**Prompt**
Would you repeat exactly the part of the listing below that runs from the line containing "beautyrest legend plush mattress reviews" down to the line containing "Với mô hình", inclusive, and nothing else?

**The data**
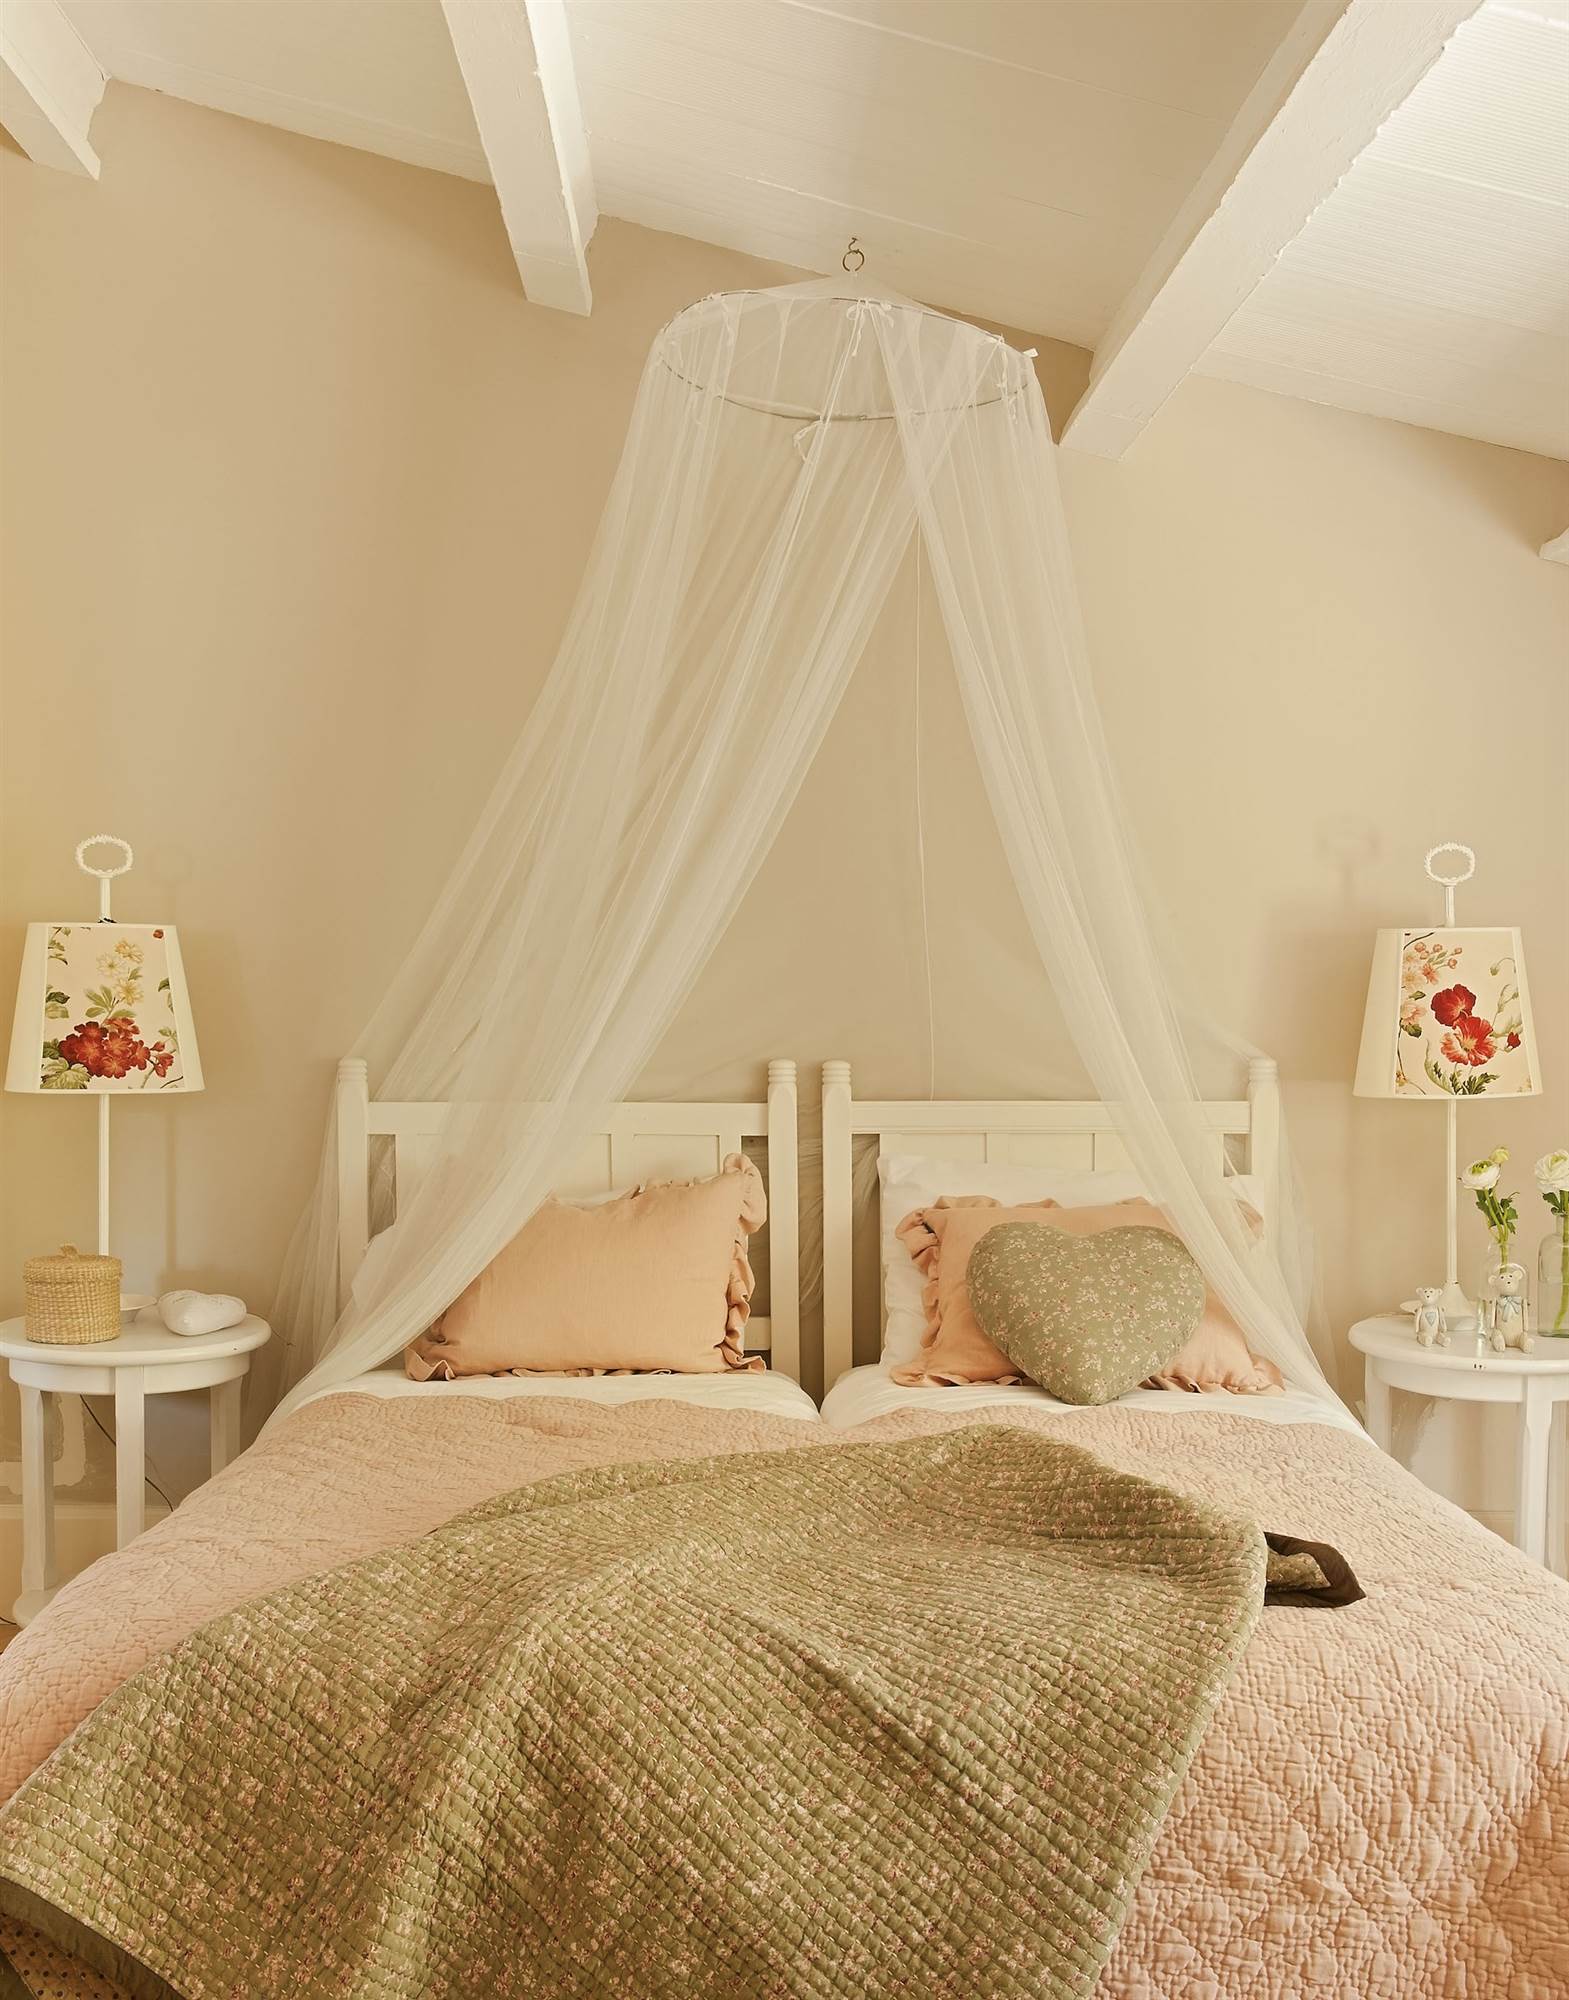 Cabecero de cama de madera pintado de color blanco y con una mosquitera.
* * *
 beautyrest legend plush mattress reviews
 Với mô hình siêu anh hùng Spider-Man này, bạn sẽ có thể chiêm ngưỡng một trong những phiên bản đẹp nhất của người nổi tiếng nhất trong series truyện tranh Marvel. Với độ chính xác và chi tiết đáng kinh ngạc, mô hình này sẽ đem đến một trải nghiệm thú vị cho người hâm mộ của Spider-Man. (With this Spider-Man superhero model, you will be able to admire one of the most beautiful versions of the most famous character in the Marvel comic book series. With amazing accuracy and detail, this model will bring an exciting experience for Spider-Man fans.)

**Reply to the exercise**
 beautyrest legend plush mattress reviews
 Với mô hình siêu anh hùng Spider-Man này, bạn sẽ có thể chiêm ngưỡng một trong những phiên bản đẹp nhất của người nổi tiếng nhất trong series truyện tranh Marvel. Với độ chính xác và chi tiết đáng kinh ngạc, mô hình này sẽ đem đến một trải nghiệm thú vị cho người hâm mộ của Spider-Man. (With this Spider-Man superhero model, you will be able to admire one of the most beautiful versions of the most famous character in the Marvel comic book series. With amazing accuracy and detail, this model will bring an exciting experience for Spider-Man fans.)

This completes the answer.